Случай Джо Панды представлял собой сложнейшее наложение миражей и видений. Однако его миражи были не из разряда обычных. Речь шла об ушном шуме, звуковой галлюцинации. В любое время, в любом месте Джо слышал телефонные звонки; в самый разгар обеда он неожиданно выбегал из-за стола, извиняясь перед соседями: простите, мне нужно ответить на звонок, это, видимо, что-то срочное. Даже когда он ожидал посетителей или общался с кем-нибудь из немногочисленных приятелей, Джо Панда продолжал слышать телефонные трели, которые, кроме него, никто не слышал. И было совершенно бесполезно говорить ему: «Джо, тебе только показалось» или «Джо, у нас ведь нет телефона», он не принимал никаких объяснений и все больше впадал в беспокойство из-за этого телефона, продолжавшего звенеть исключительно в его голове: вот второй, третий, вот четвертый сигнал, и Джо терзался и терзал окружающих, не находя телефона, не видя его нигде, – он впадал в панику, заливался потом, в отчаянии принимался сбрасывать скатерти, заглядывать под столы, перерывать ящики в бельевых шкафах, осматривать механизмы настенных часов, внутренности унитазов и кухонных духовок, издавая душераздирающие вопли, словно дикий зверь, у которого отобрали детеныша, пока, на тринадцатом звонке, телефон не замолкал и приступ не прекращался.
Во время одного из таких припадков, вызванных несуществующими звонками, Джо Панда, охваченный беспокойством, обрушил свою ярость на мебель: диваны, кресла-качалки, ночные столики, ящики, набитые старыми письмами, часами и портсигарами с надписями вроде «Life is for the Gambler»,[18] вываливались из окна его квартирки. Соседи вызвали полицию, и Панда был повержен с помощью дротика со снотворным.

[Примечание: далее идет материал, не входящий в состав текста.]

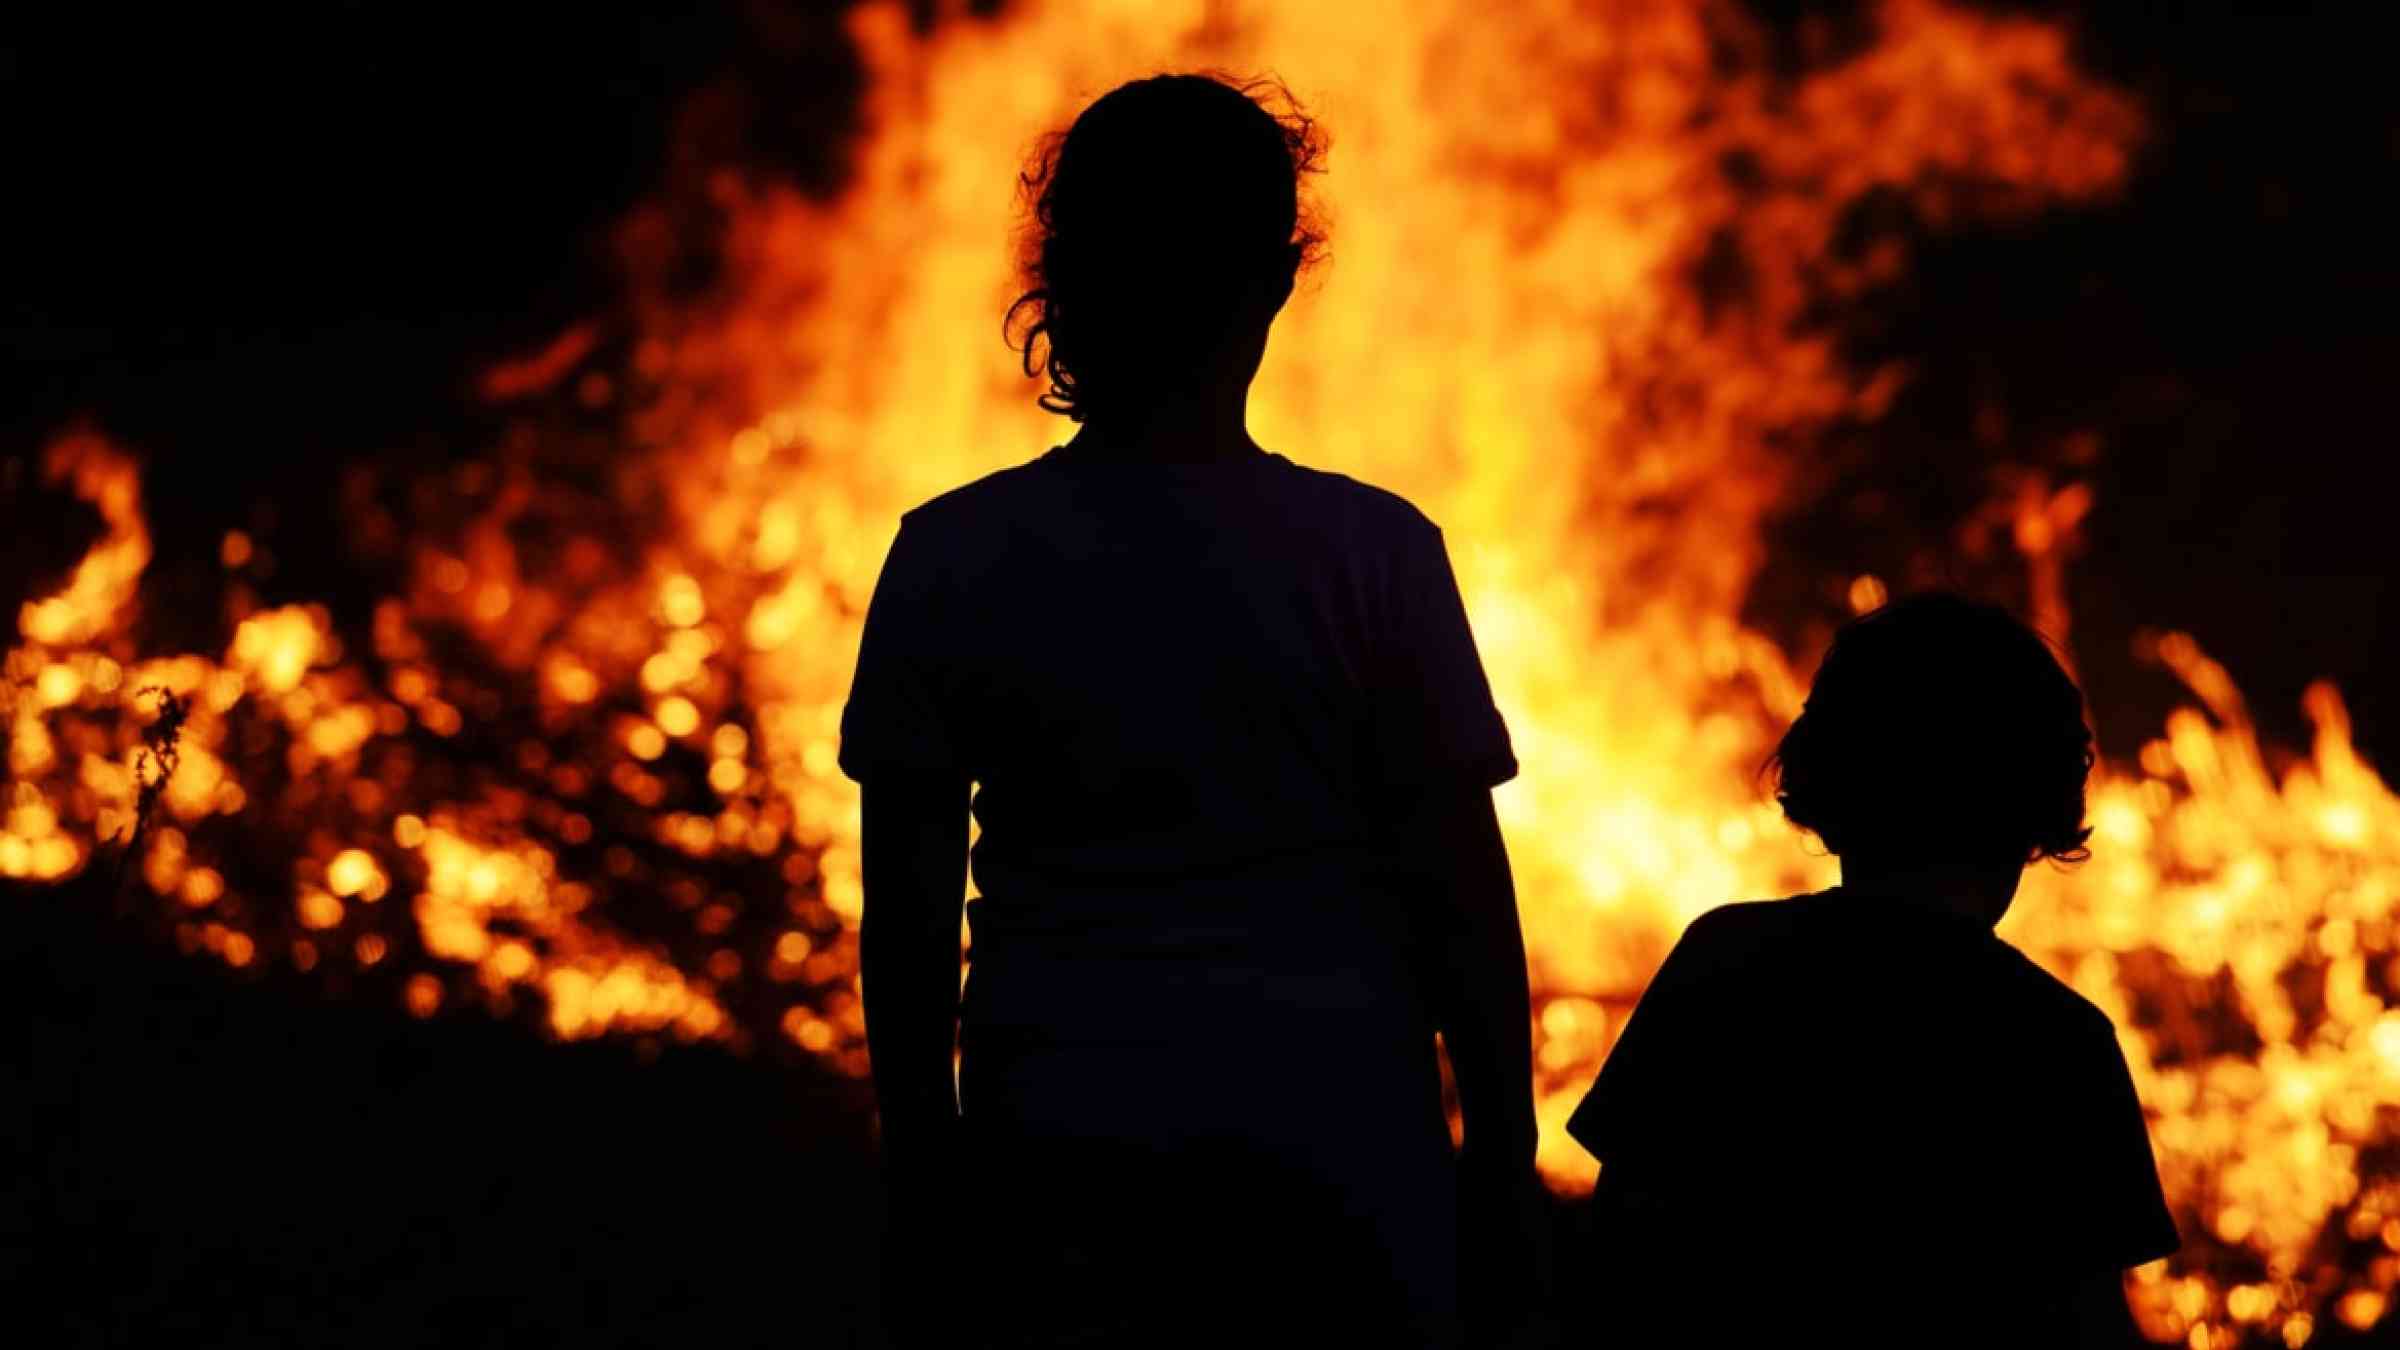 Children's shadow in front of a wildfire

Очнувшись, Джо почувствовал себя гораздо спокойнее. Он смотрел на вещи вполне ясно, умиротворенно, словно пришел в себя после затяжного кошмара. Он находился в гимнастическом зале. Вокруг тренировались спортсмены, и ни с чем не сравнимый сухой звук ударов перчаток о мешки с песком сладко щекотал его уши. Райская музыка. Запах пота, отфильтрованный щелоком, влетал в распахнутые окна его ноздрей. Однако, когда его взгляд полностью прояснился, глаза и уши сообщили Джо Панде, что это помещение чересчур тесно для того, чтобы именоваться спортзалом. На поверку поджарые боксеры на тренировке оказались медсестрами, взбивавшими подушки и стелившими простыни на пустых кроватях вокруг него.

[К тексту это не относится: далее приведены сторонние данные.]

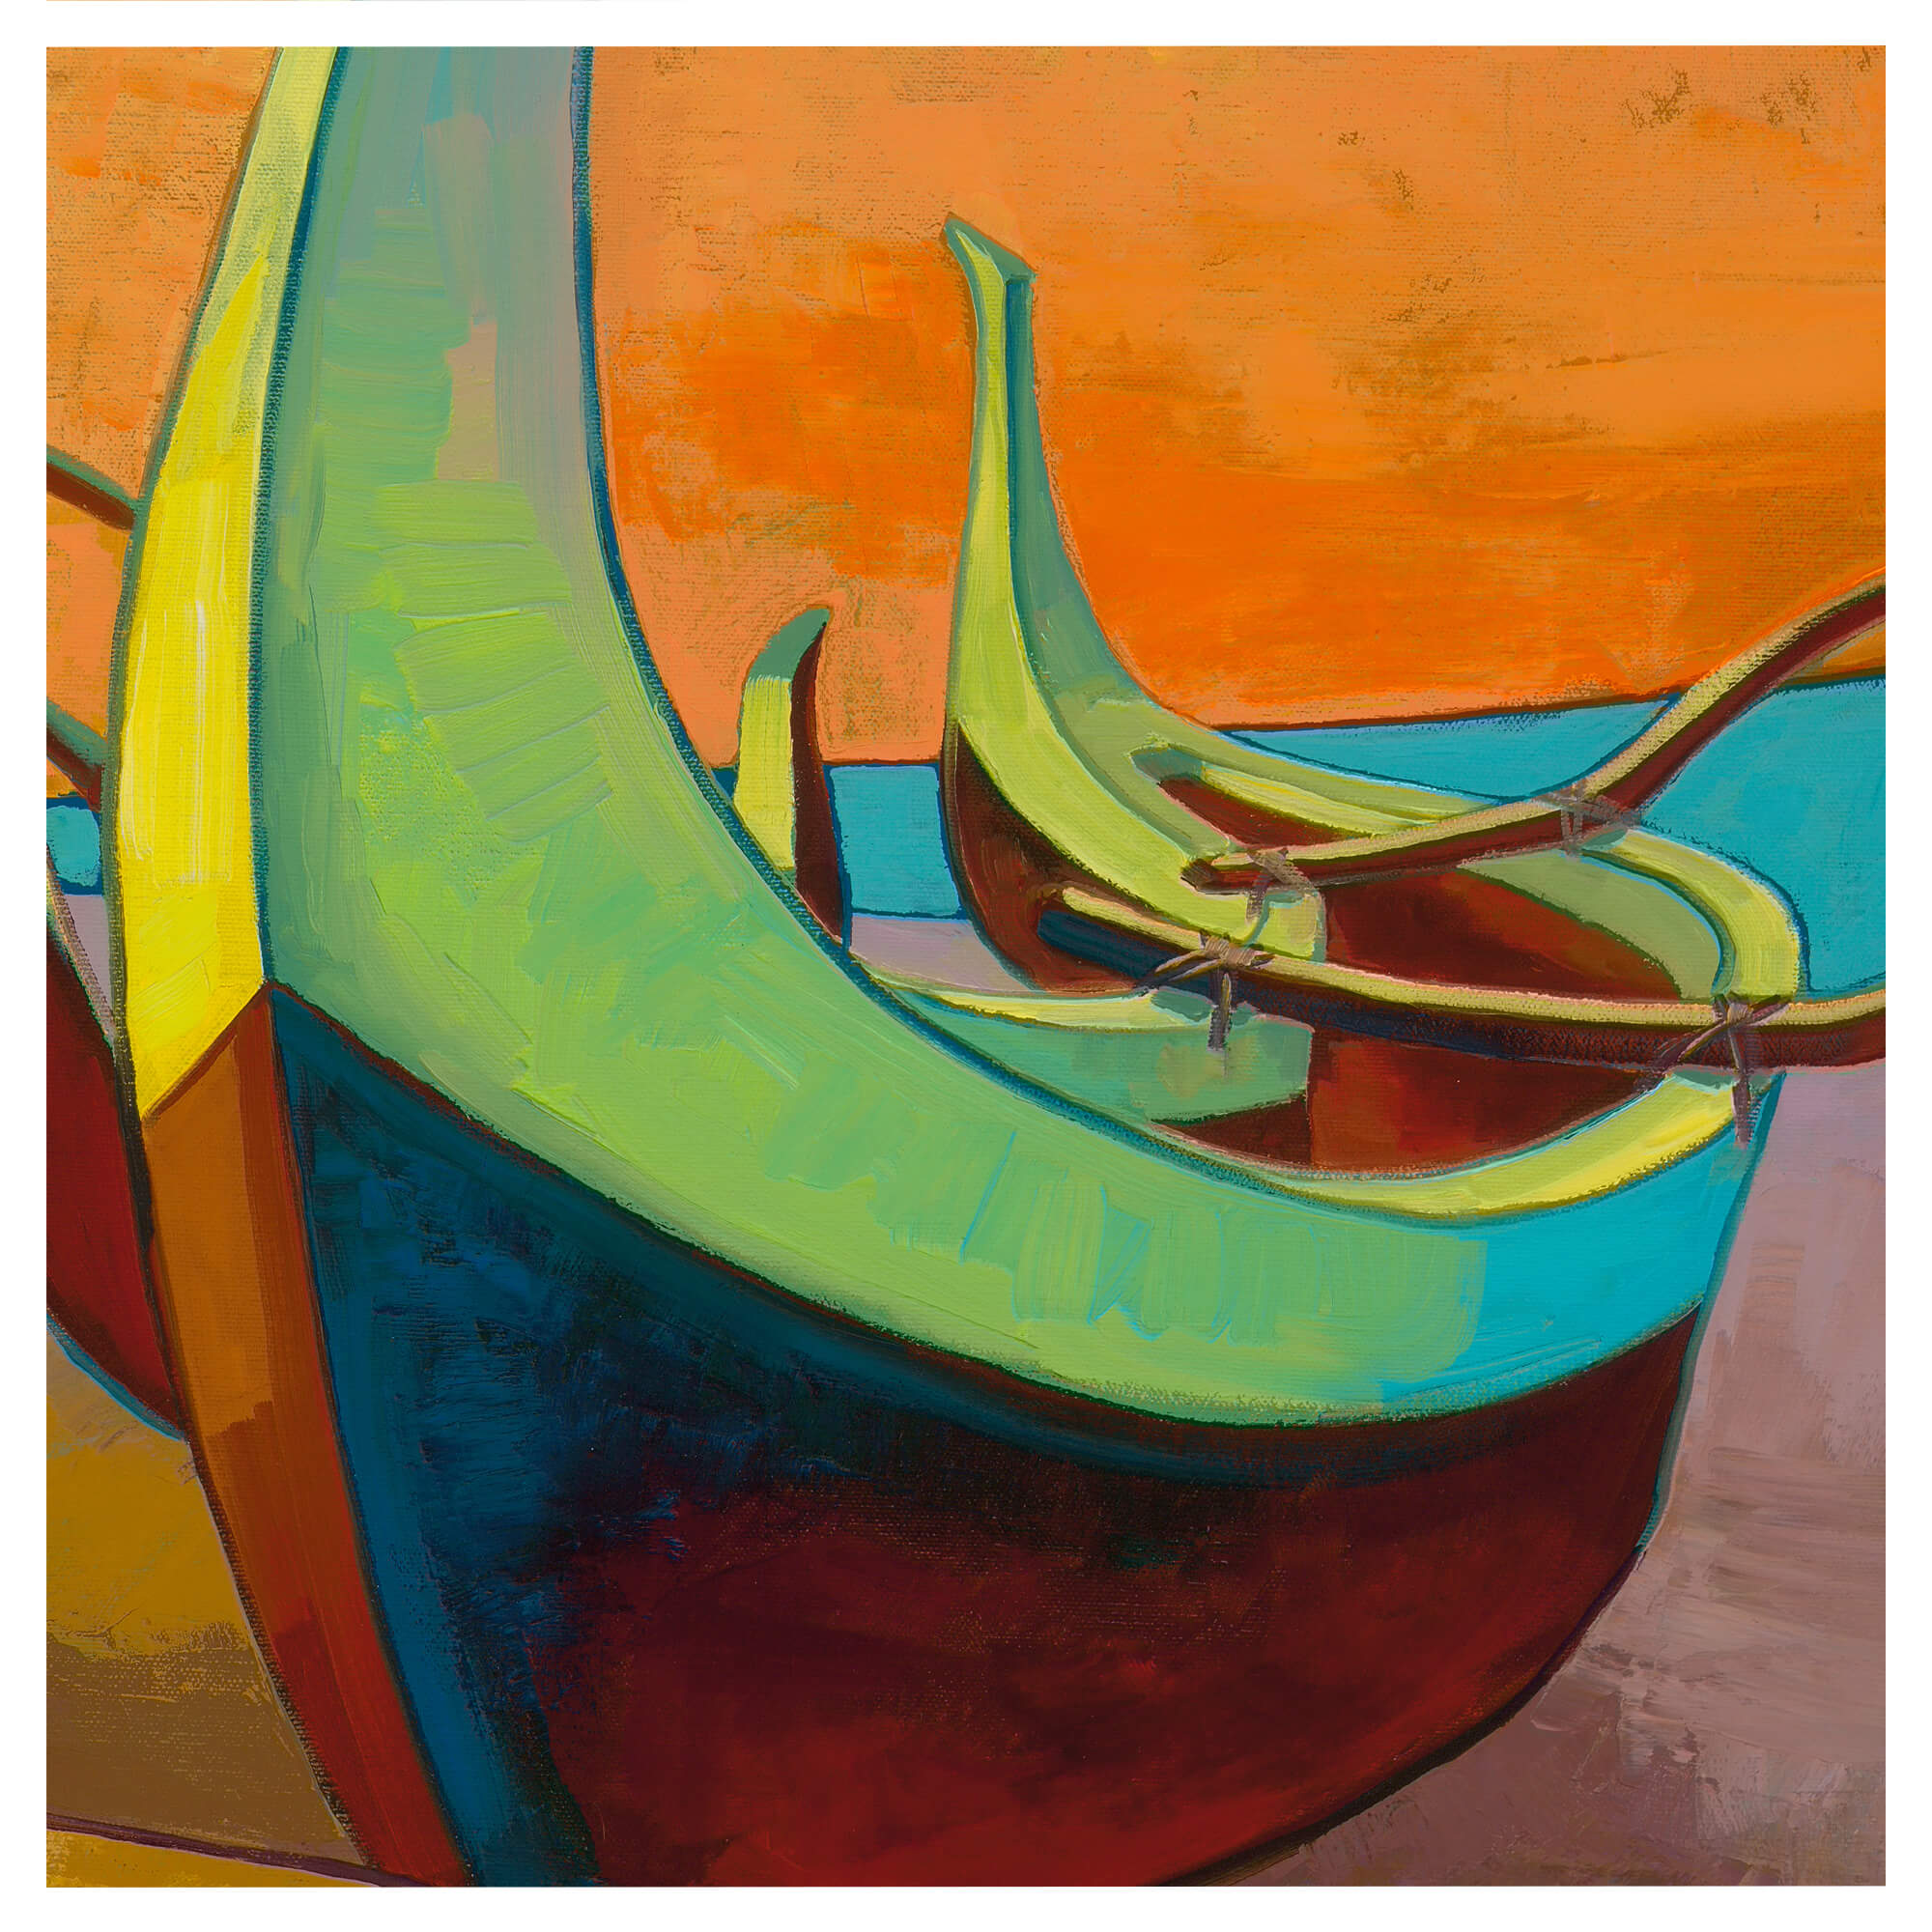 Curved boat by Hawaii artist Colin Redican

Это помещение, огороженное четырьмя белыми стенами, не заслуживало иного имени, кроме как Аляска.
Начиная с этого момента Джо Панда несколько дней находился в изоляции в Палате миражей, колотя кулаками по мягким стенам. Он все еще ждал звонка своего агента. Джо был уверен, что тот его не бросит, никогда не покинет на произвол судьбы и что рано или поздно телефон зазвонит: если не сегодня, то завтра состоится матч-реванш против Джимми Санчеса Колирио, этого непрошибаемого аргентинца, который вживую выглядел значительно крепче и выше ростом, чем на фотографиях. На сей раз Панда с ним справится. Он это знал. Но ему следовало серьезно тренироваться в ожидании великого дня. Тренироваться, молотя кулаками по обитым ватой стенам и по закрепленным в вертикальном положении койкам, – и он яростно по ним дубасил, пока не засыпал стоя, прислонившись к одной из кроватей, не понимая, где пол, где притяжение земли.
Настанет день, когда он покажет Джимми Колирио, каков на самом деле Джо Панда. Настанет день, когда он его раздолбает, когда он его изничтожит, когда он отправит его вылизывать лягушек.
В эту ночь Чарли играет как никогда.
Мальчишка-слуга спрятался под фортепьяно.
(Этот мальчишка всегда знает свое место, отлично знает…)
И миссис Смитерс сегодня не до сна,
О нет, сегодня она не сомкнет глаз,
Ведь контрабас повторяет раз за разом:
Сколько поездов за окном, сколько бессонниц впереди…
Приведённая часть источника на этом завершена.